* **Data excerpt**
-*-

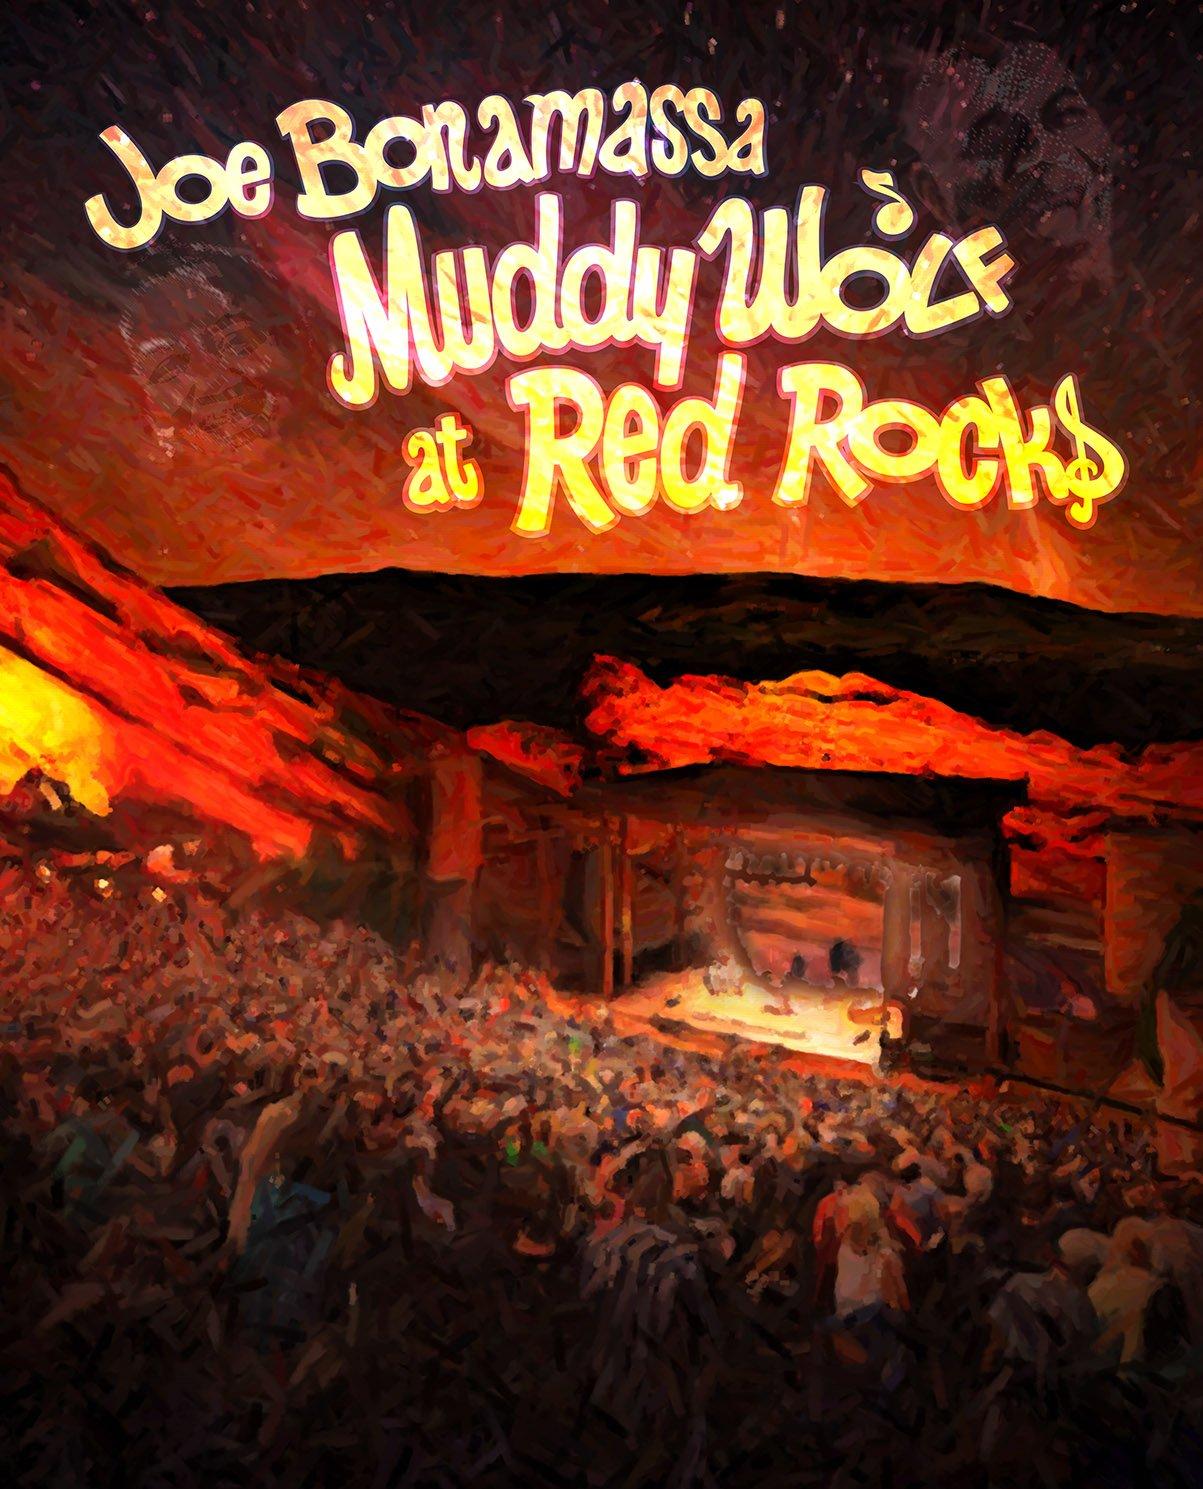 DVD : Joe Bonamassa - Muddy Wolf at Red Rocks (2 Disc)
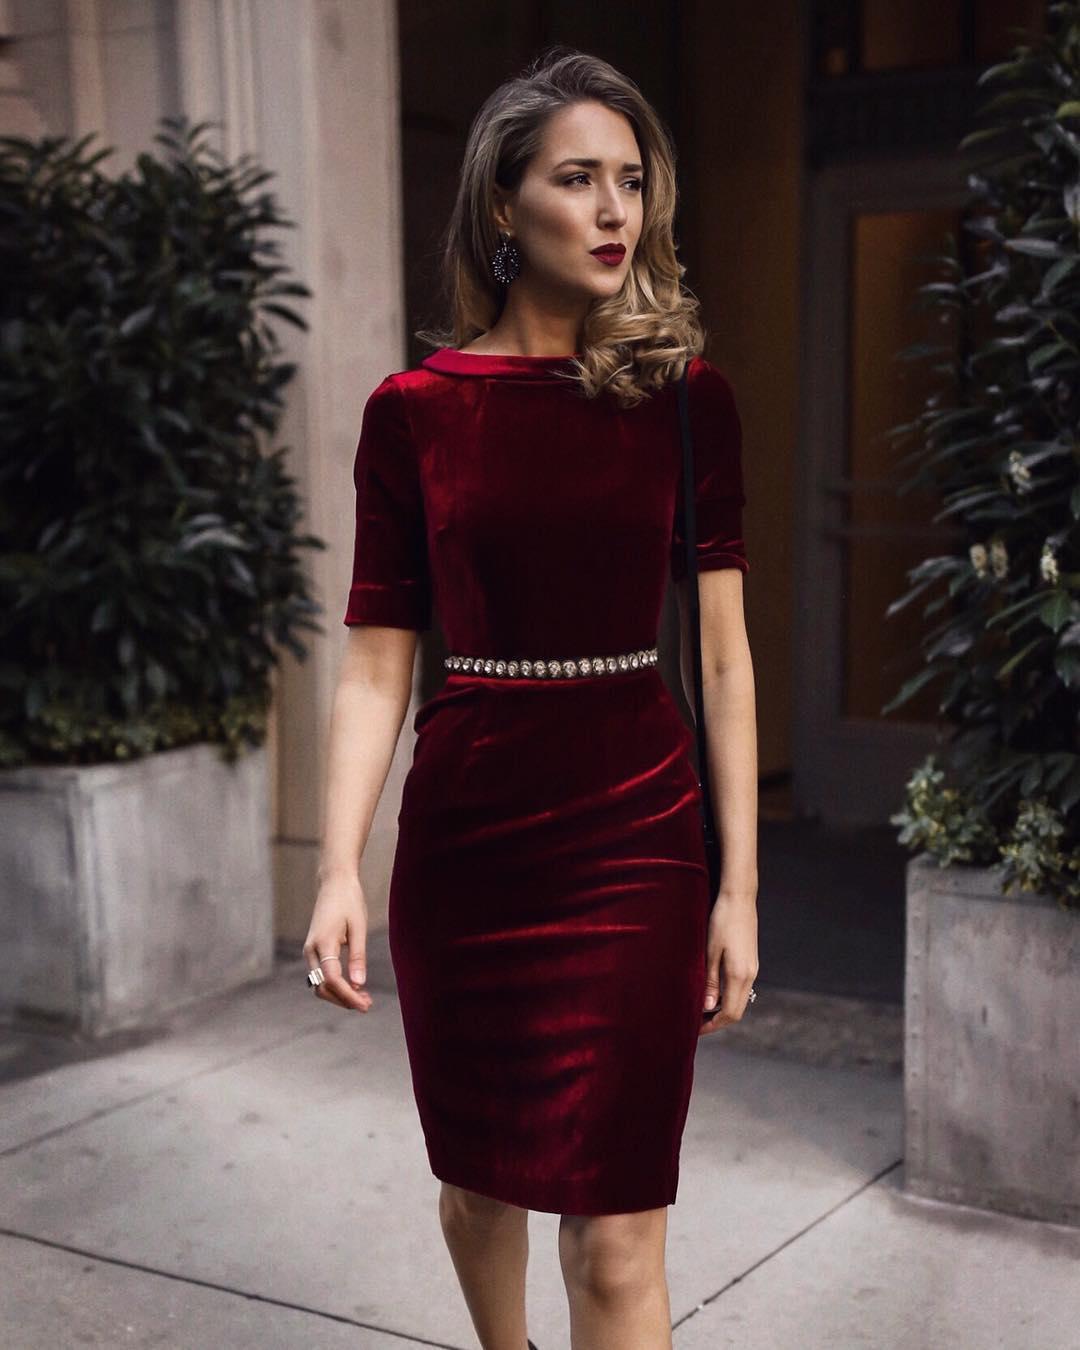 Бархатное платье 2020 фото 2
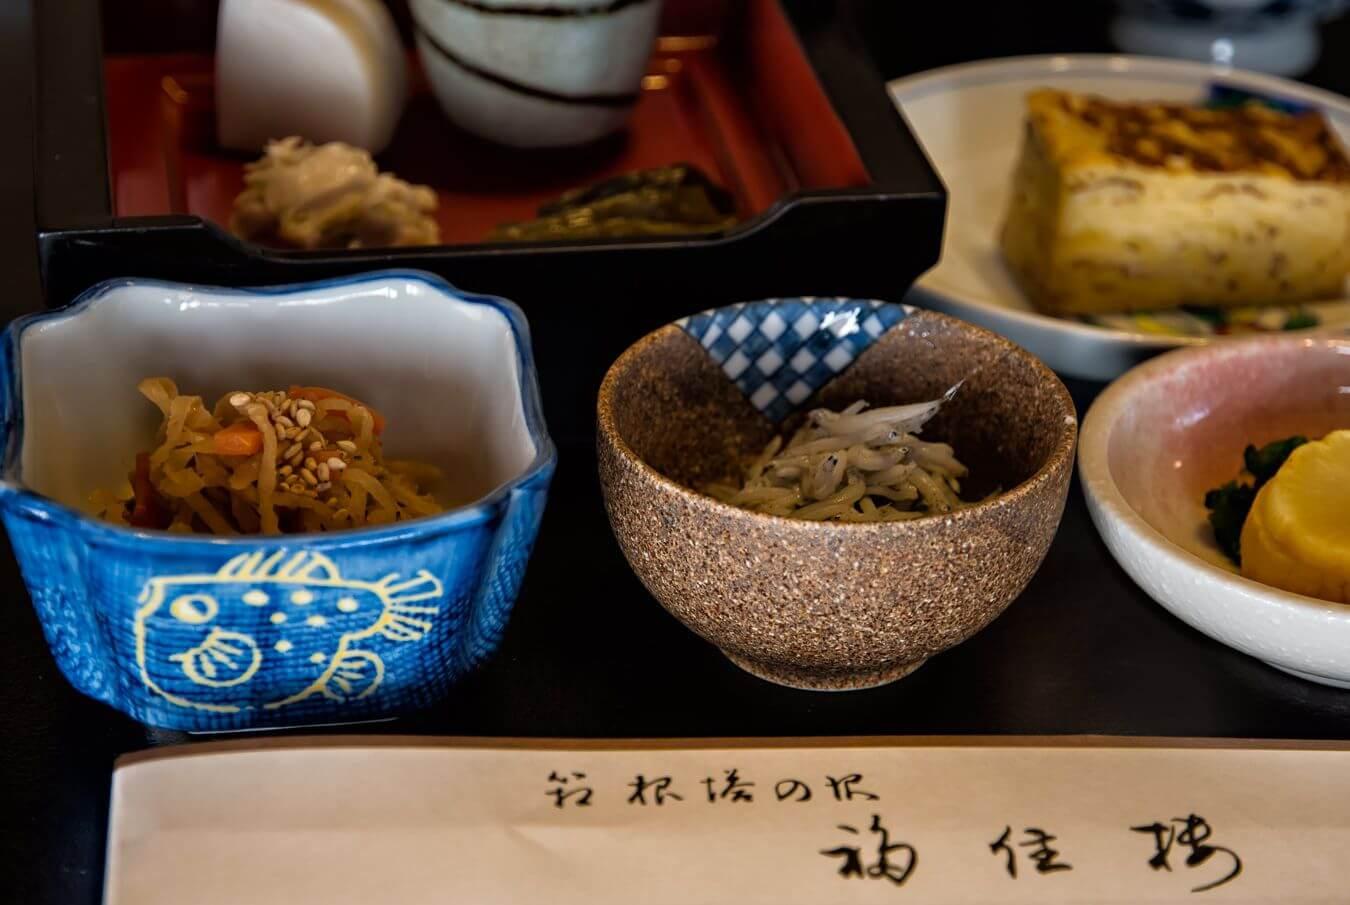 Fukuzumiro, Hakone, Kanagawa, Japan - Photo by Zed Sindelar of CuriousZed Photography
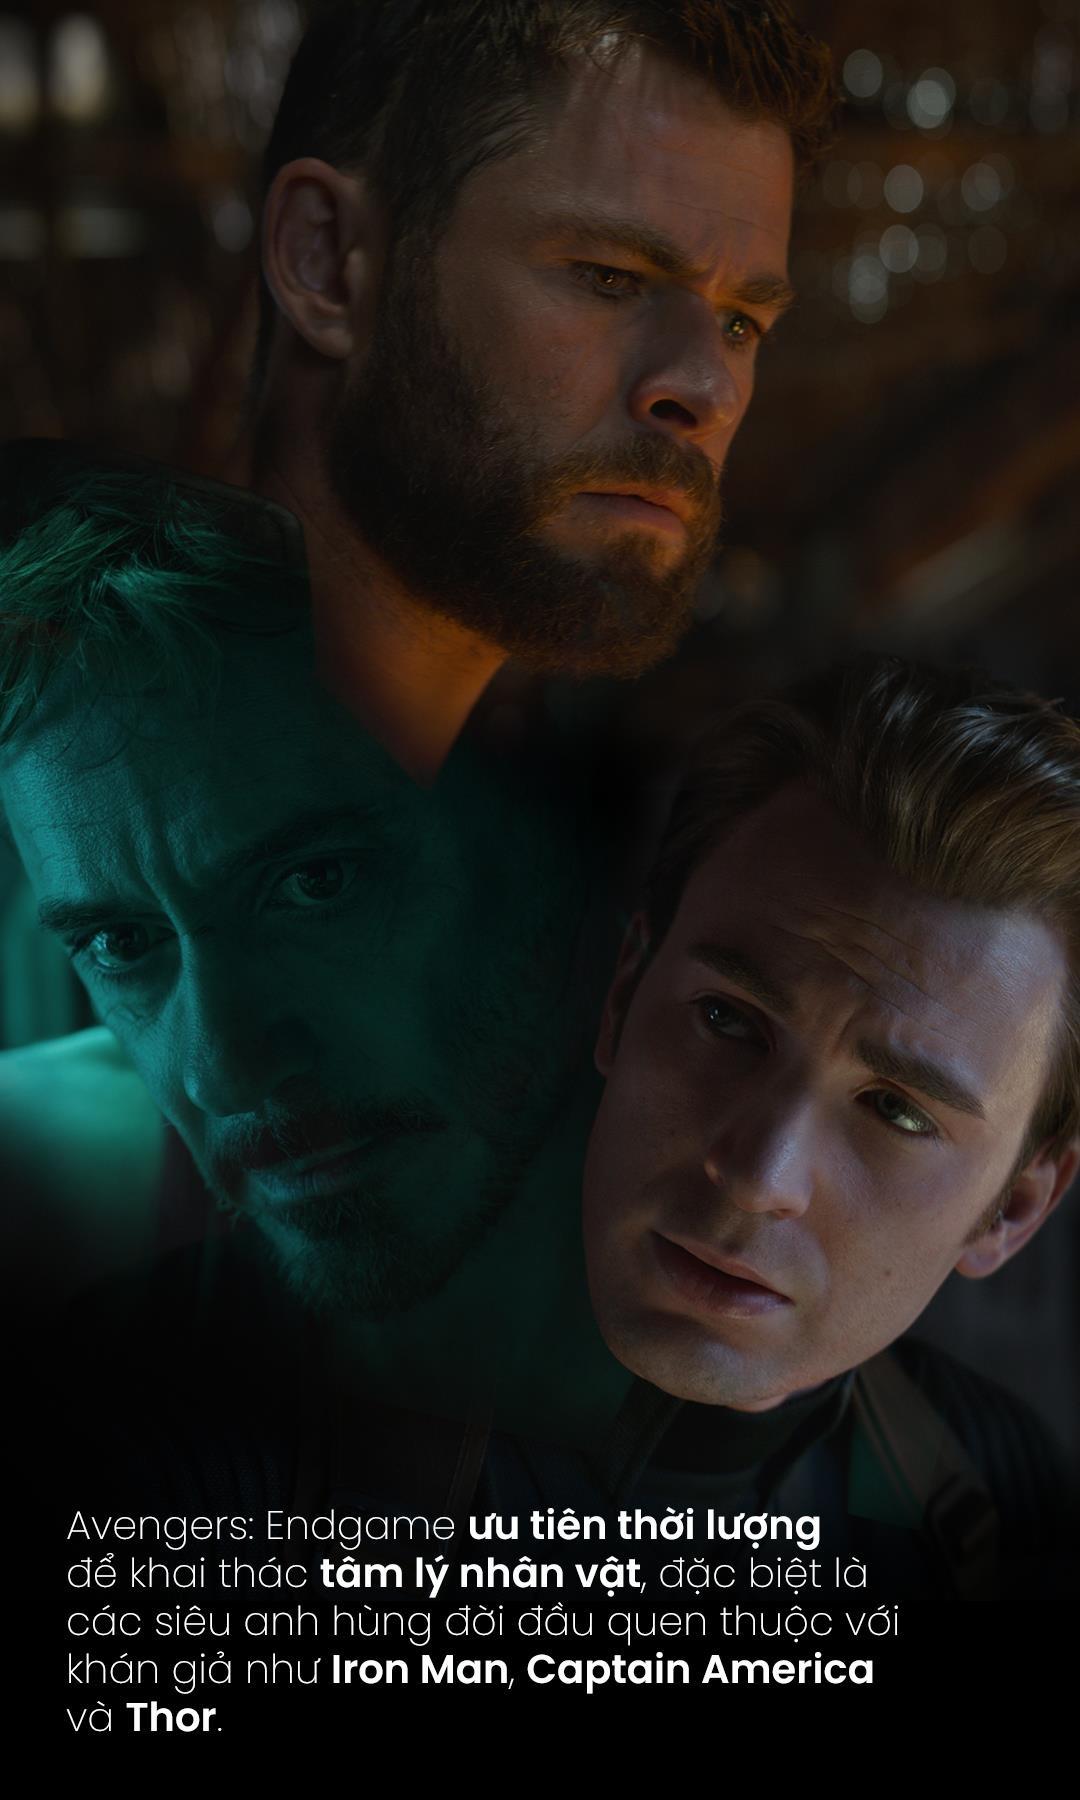 'Avengers: Endgame' - loi tam biet bi trang cua mot ky nguyen anh hung hinh anh 9

-*-

* **Aim of the exercise**
Reproduce the material above exactly but drop all images.

* **Written answer**
 DVD : Joe Bonamassa - Muddy Wolf at Red Rocks (2 Disc)
 Бархатное платье 2020 фото 2
 Fukuzumiro, Hakone, Kanagawa, Japan - Photo by Zed Sindelar of CuriousZed Photography
 'Avengers: Endgame' - loi tam biet bi trang cua mot ky nguyen anh hung hinh anh 9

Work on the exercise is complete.